AMPs make membranes permeable to protons at nanomolar levels

Low AMP concentrations prevent large pore formation

High AMP concentrations induce pore formation through ion-conducting events

Abstract

Antimicrobial peptides (AMPs) have intrigued researchers for decades due to the contradiction between their high potential against resistant bacteria and the inability to find a structure-function relationship for the development of an effective and non-toxic agent. In the present study and the companion paper [Phys. Rev. E (2024)], we performed a comprehensive experimental and theoretical analysis of various aspects of AMP-membrane interactions and AMP-induced pore formation. Using the well-known melittin and magainin as examples, we showed, using patch-clamp and fluorescence measurements, that these peptides, even at nanomolar concentrations, modify the membrane by making it permeable to protons (and, possibly, water), but not to ions, and protect the membrane from large pore formation after subsequent addition of 20-fold higher concentrations of AMPs.
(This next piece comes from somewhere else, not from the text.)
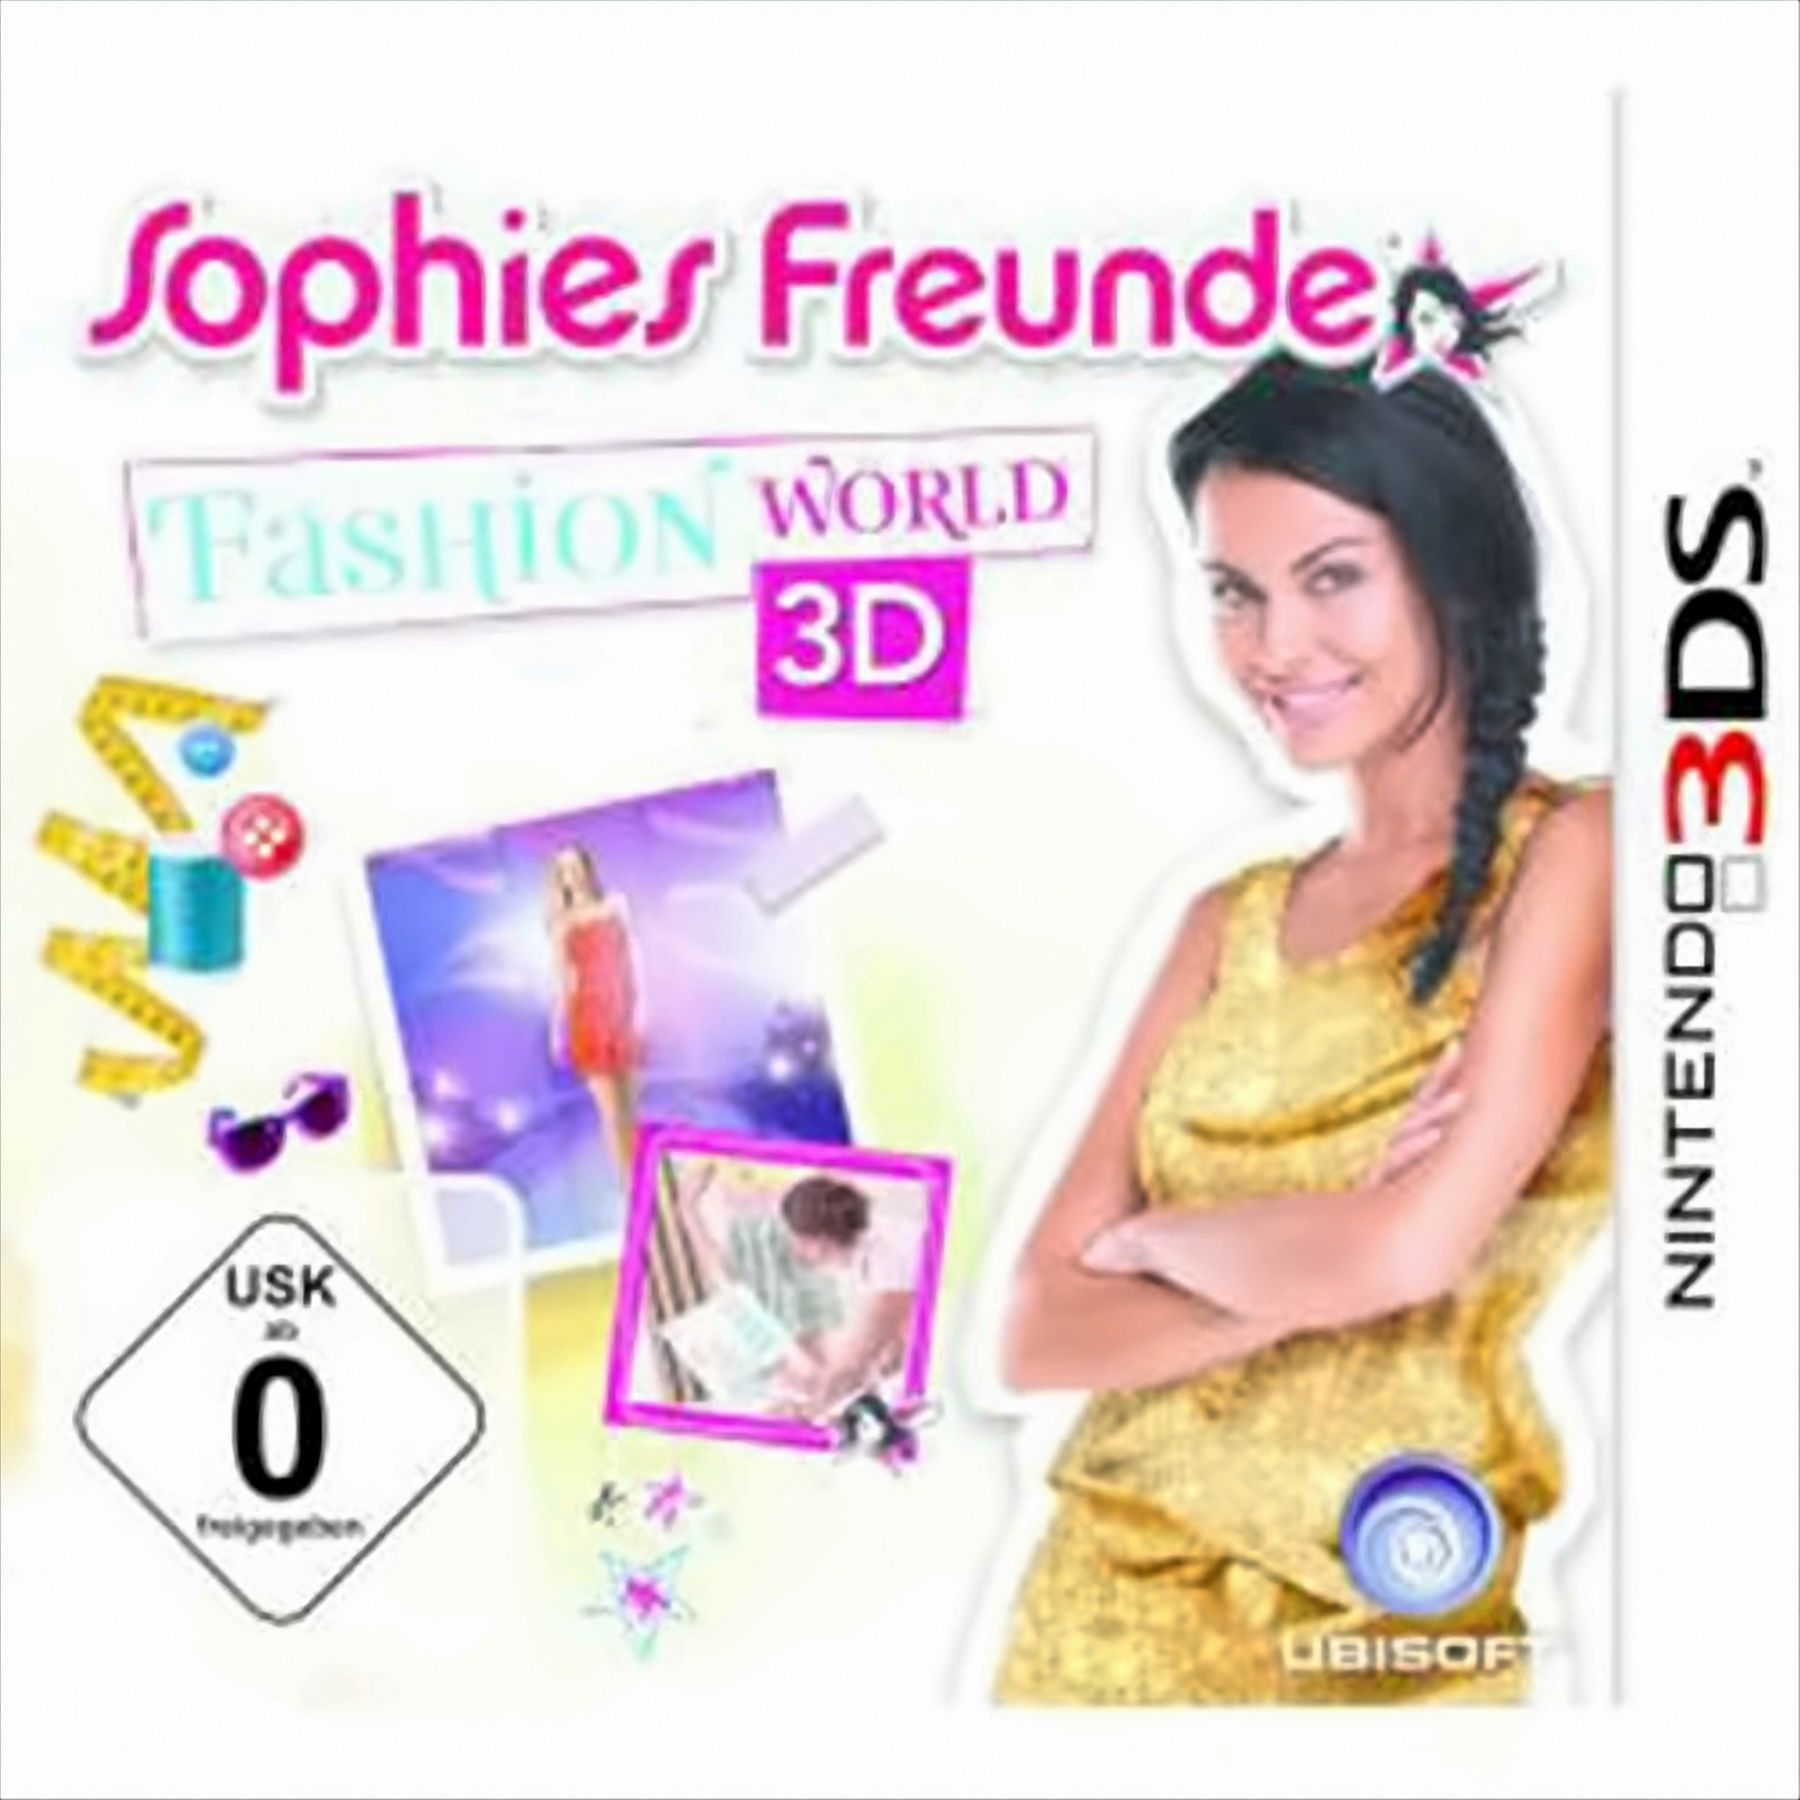 Sophies Freunde: Fashion World [Nintendo 3D 3DS] 
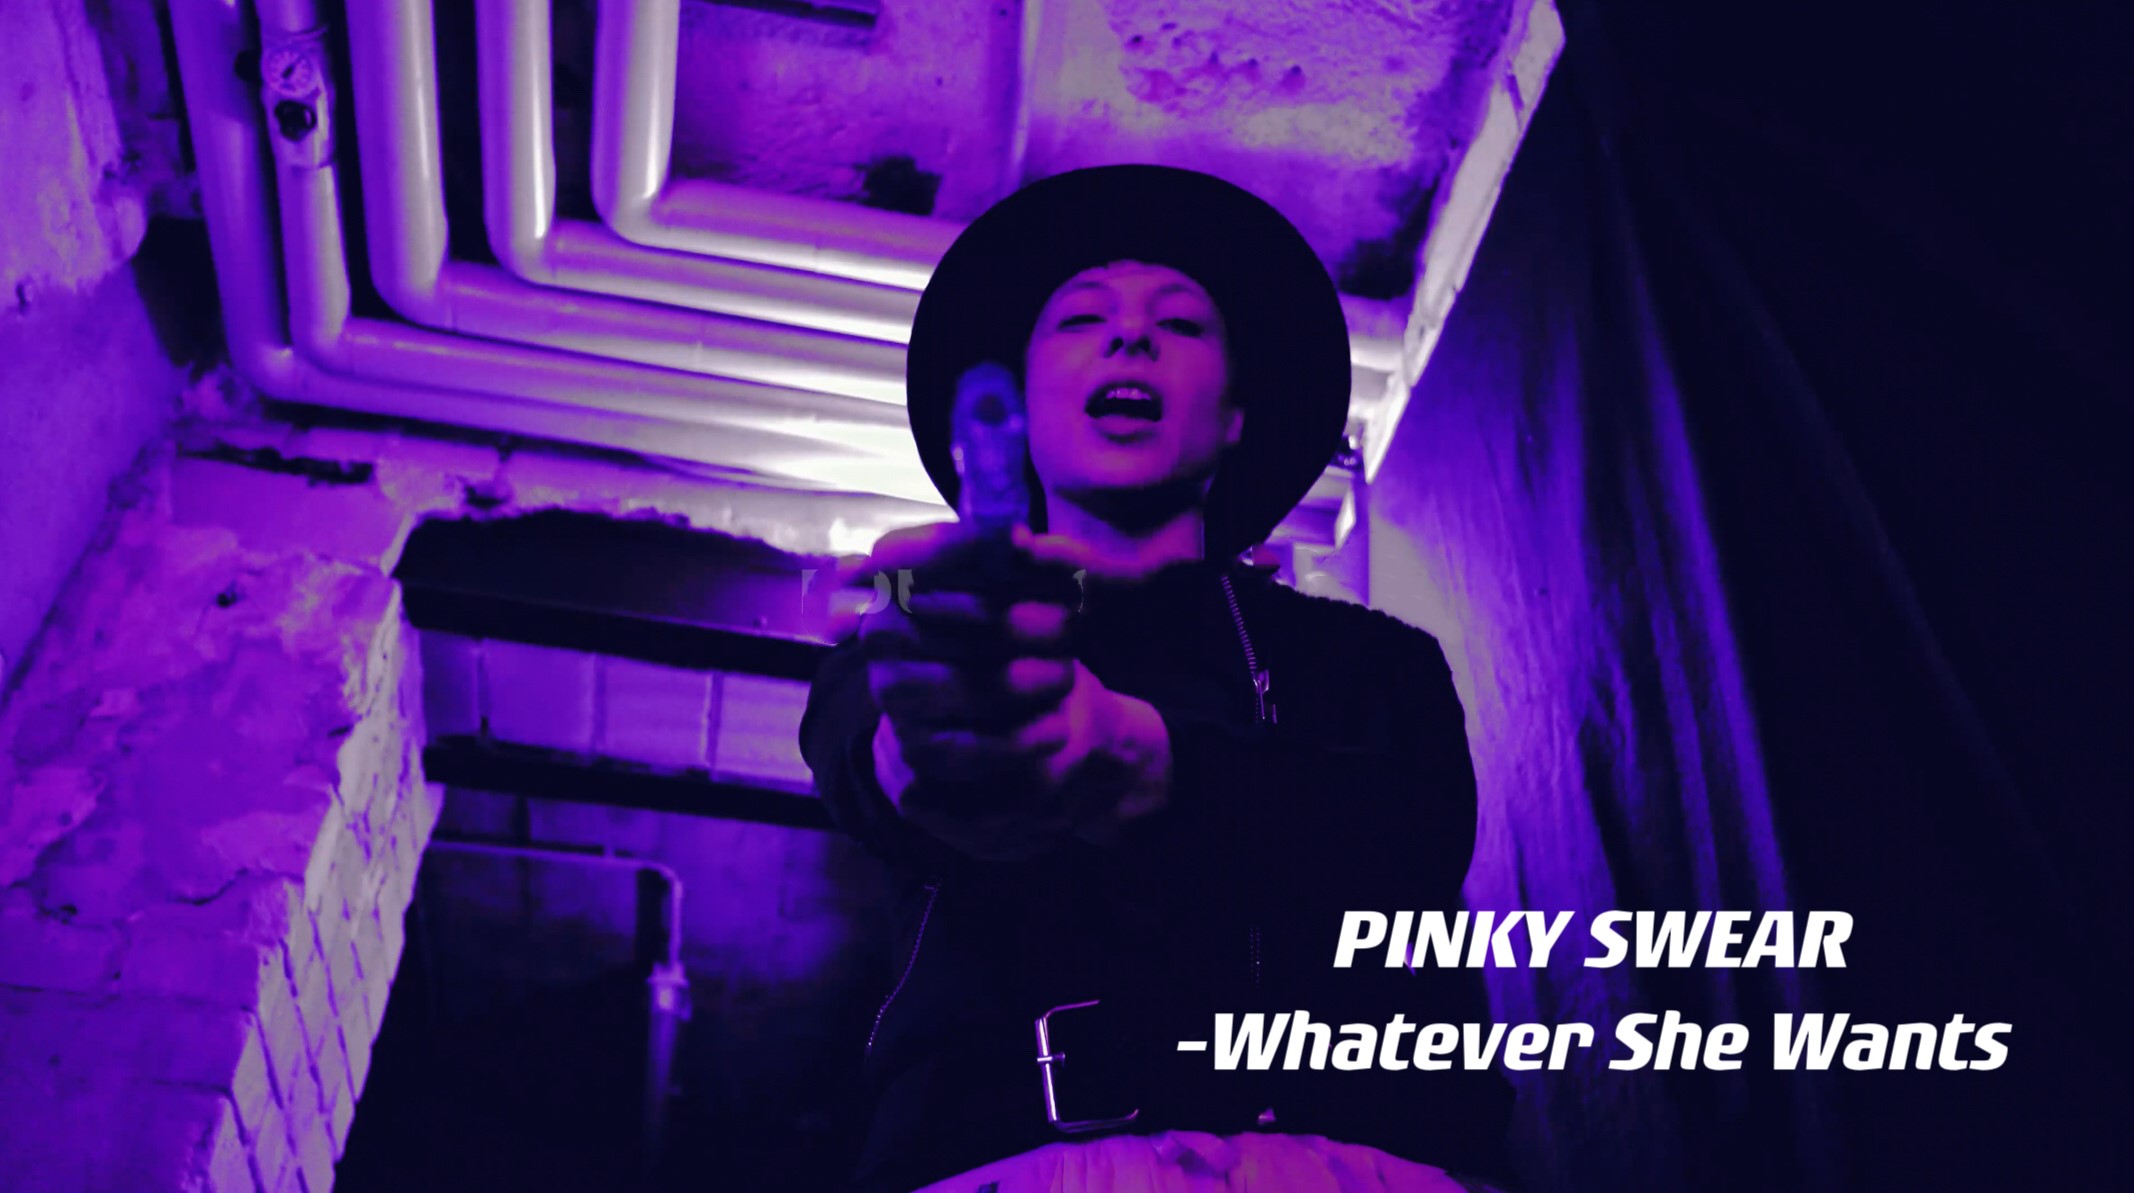 PINKY SWEAR - Whatever She Wants

This protective effect is independent of the membrane side (or both sides) of the peptide addition and is determined by the peptide-induced deformations of the membrane. Peptides create small, H+-permeable pores that incessantly connect the opposing membrane leaflets, allowing translocation of peptides and lipids and thus preventing further generation of large lateral pressure/tension imbalance. At the same time, such an imbalance is a key to the formation of peptide-induced pores at high AMP concentrations, with the main contribution coming from single ion-conducting events rather than stable channel-like structures. Therefore, our results suggest that lowering the AMP concentration, which is a common principle to reduce toxicity, may actually make bacteria resistant to AMP. However, a protective pre-treatment with nanomolar concentrations of peptides may be the key to protect eukaryotic cells from the high concentrations of AMPs.